# CS24B or Shockwave?



## brockman (Jan 3, 2013)

Was wondering if anyone has used both of these callers? Both are suppose to sound great but the cs24b suppose to have the true 24bit sound. The shockwave has alot of great features but I'd rather have great sound. Any info would be great


----------



## Scotty D. (Feb 23, 2012)

I read somewhere (maybe PT) that somebody bought a ShockWave & the remote wouldn't transmit very far...Doesn't sound like something that Foxpro would produce though..Probably just a glitch & I'm sure FP will remedy it for the guy...

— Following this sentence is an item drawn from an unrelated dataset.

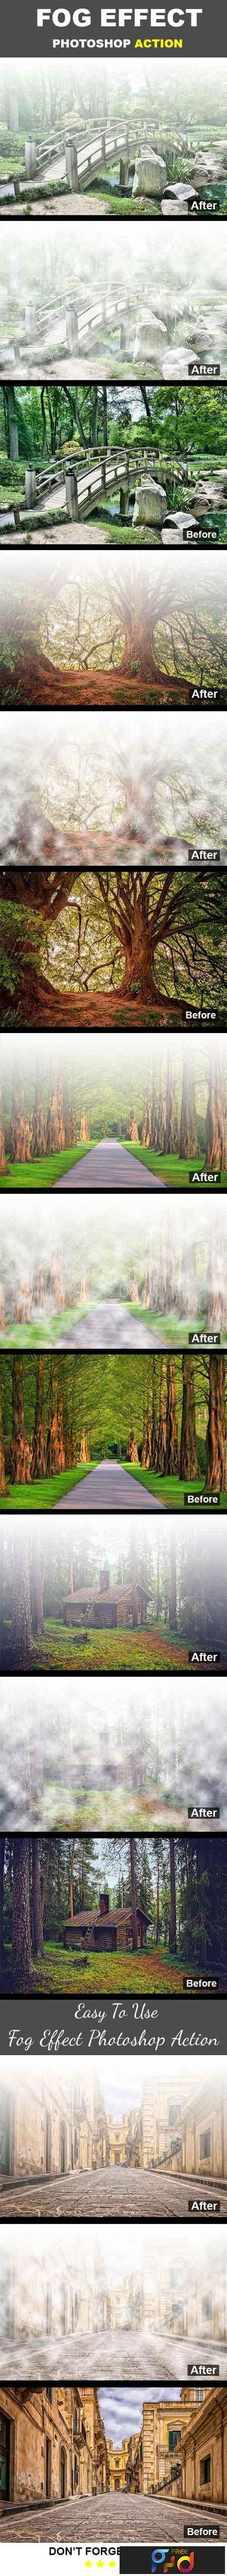 Fog Effect Photoshop Action 22753613 1
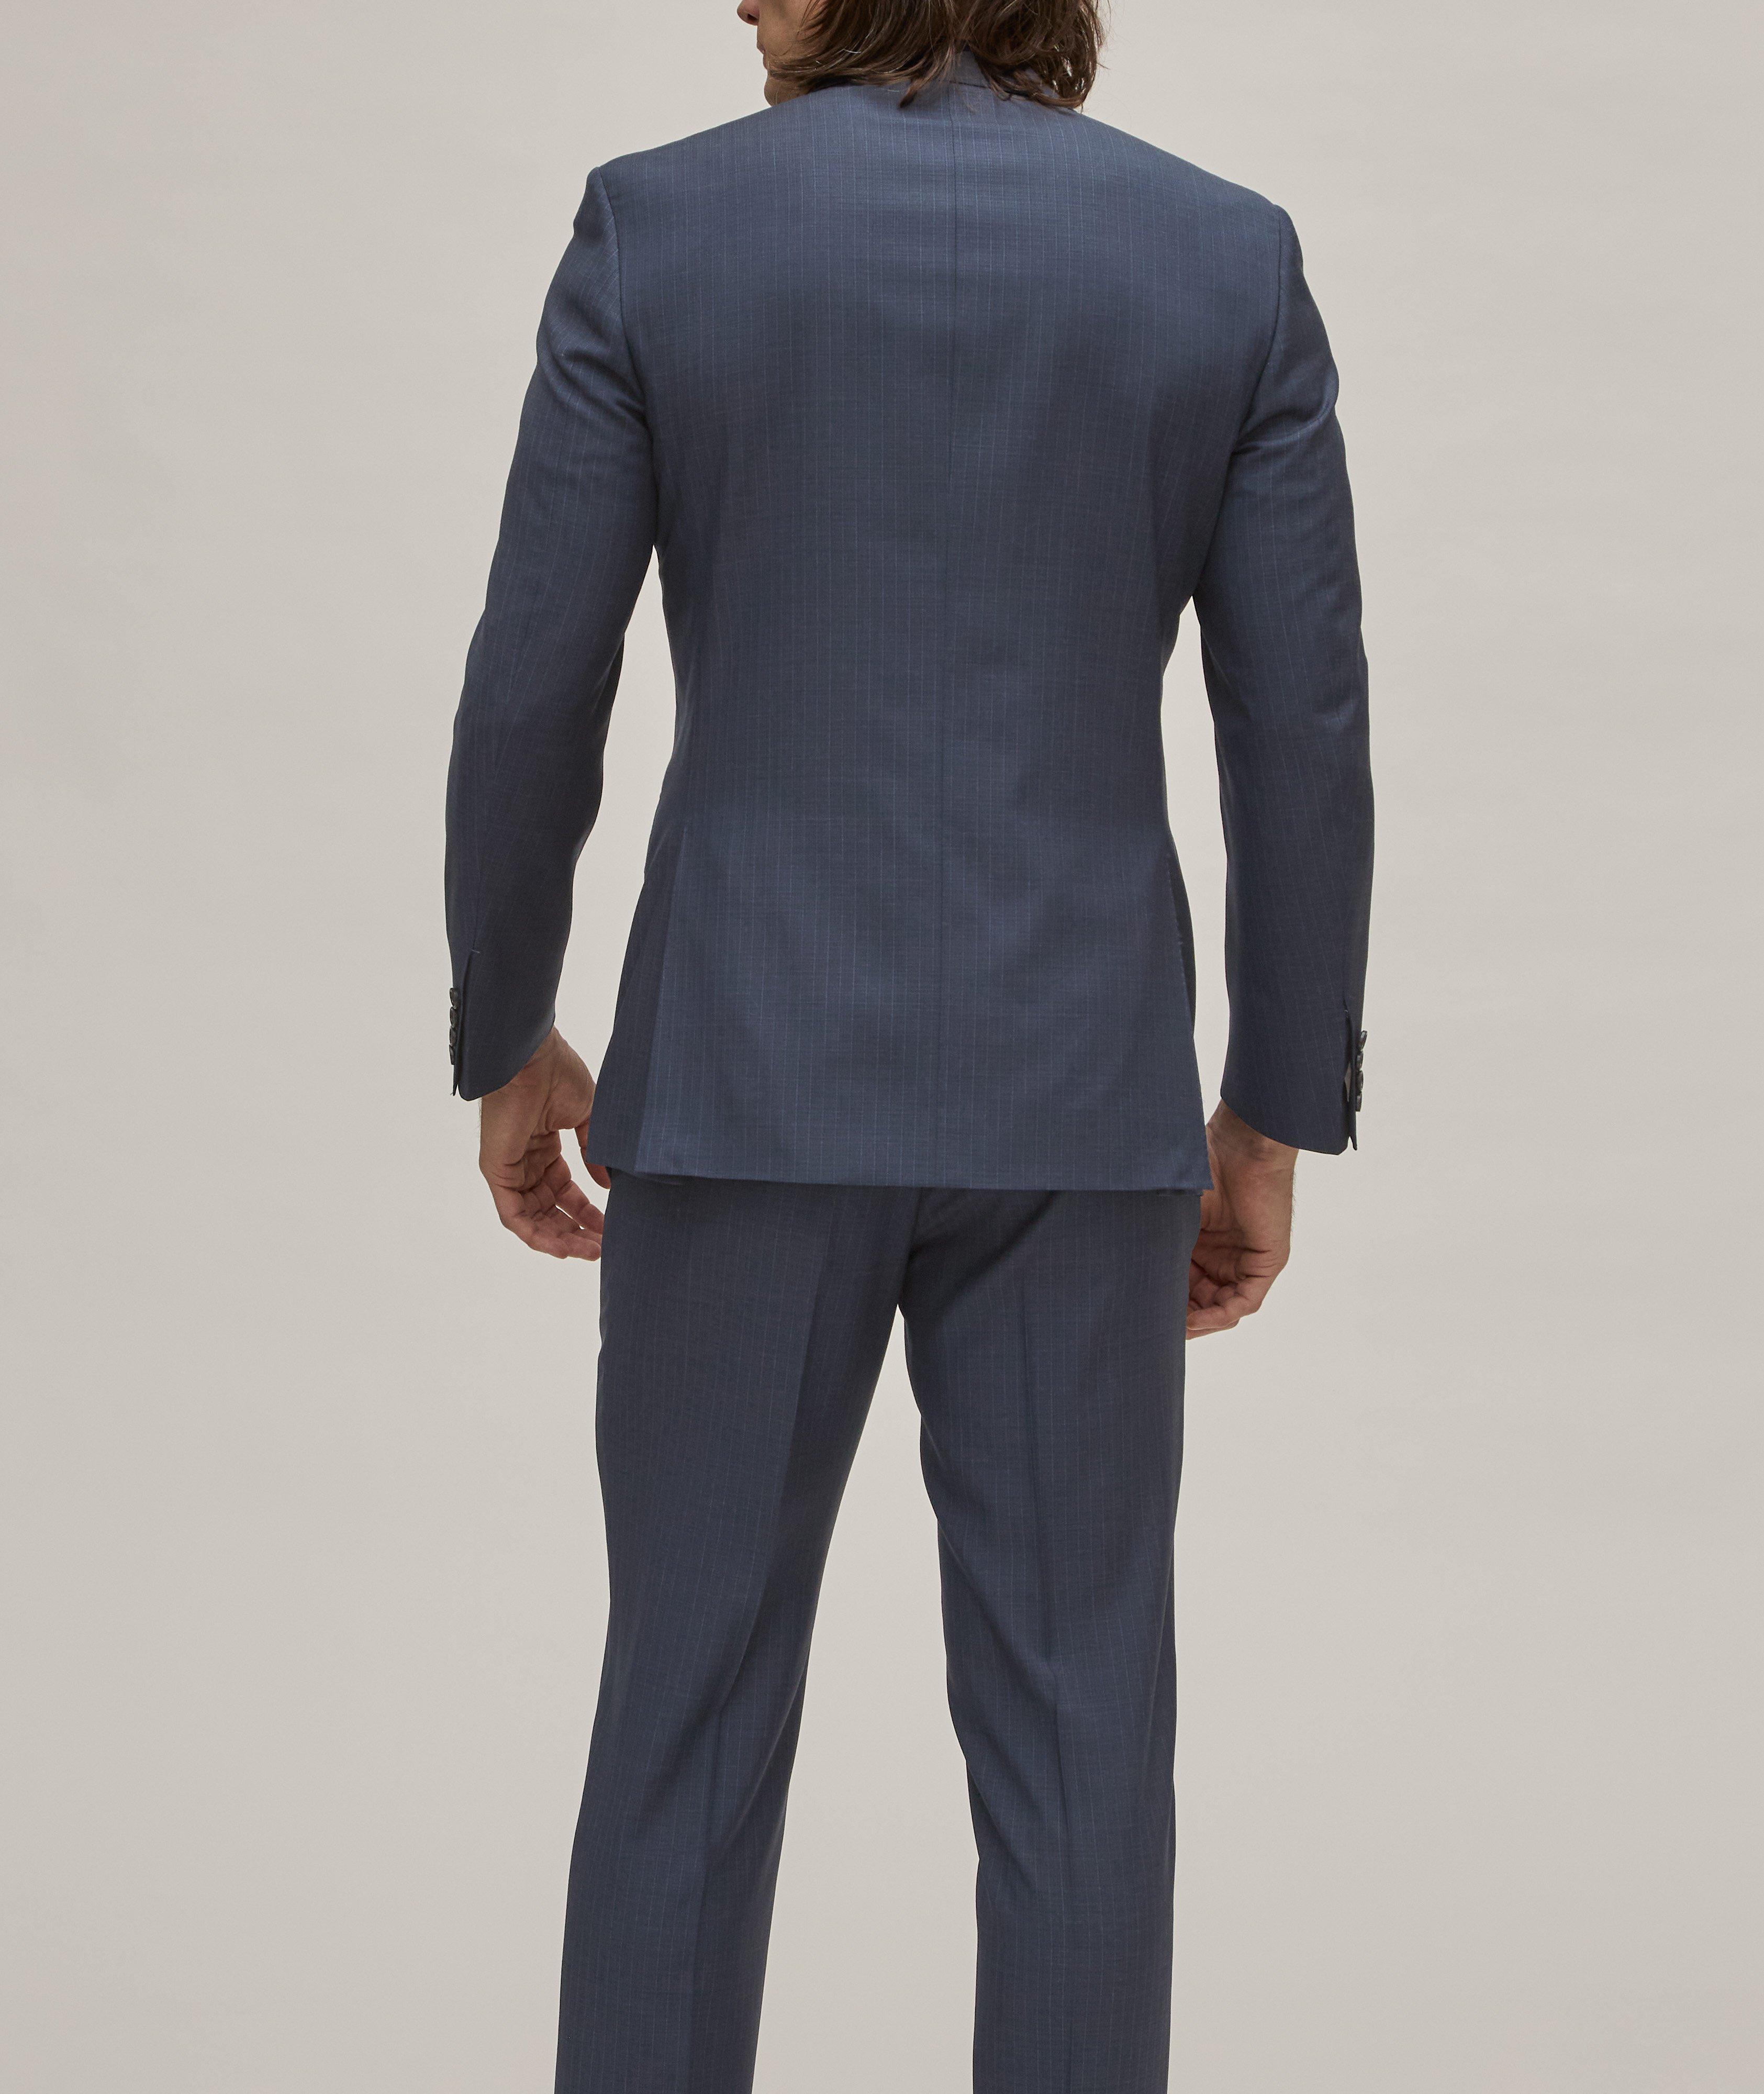 Tonal Pinstripe Wool Suit image 2

CS24 will pound the sounds out for quite a distance...Several FB peeps have raved over the greatness of this call...

I'm just going by word of mouth (or typed words).. Never used one...


----------



## brockman (Jan 3, 2013)

Yeah ive heard the cs24b and it is cd quality at high volume even though I don't usually go over 6vol on my firestorm. But the shockwave has a lot of useful features that I think would be very enticing for yotes. Wish I could hear one firsthand so I know if it would best suit me. I'm sure it sounds better than my firestorm


----------



## brockman (Jan 3, 2013)

Yeah ive heard the cs24b and it is cd quality at high volume even though I don't usually go over 6vol on my firestorm. But the shockwave has a lot of useful features that I think would be very enticing for yotes. Wish I could hear one firsthand so I know if it would best suit me. I'm sure it sounds better than my firestorm


----------



## sos1inmesa (May 11, 2011)

I have the Shockwave in hand, and am hoping to take it out tomorrow morning for my first try with it. I am shooting for at least 2 or 3 different hunts in the next week, and will post a full review as I did on the Alpha Dogg. Look for the review in about 7 days here on Predator Talk.


----------



## HowlinRed (Feb 3, 2011)

What is this CS24B?


----------



## brockman (Jan 3, 2013)

its a foxpro listed under custom calls


----------



## BurritoBandito (Sep 17, 2012)

CS24B... bought it and never looked back


----------



## HowlinRed (Feb 3, 2011)

Ok, I see it. I'll have to look into that bad boy. Pricey though. Can you give us a report BurritoBandito. Nothing like hearing from someone who owns one!


----------



## pc3 (Feb 15, 2012)

Folks,

I own a Krakatoa foxpro and am VERY impressed with it. Keep in mind that this is the first and only E-Call I have ever had. The remote on the shock wave looks more advanced than the TX500.


----------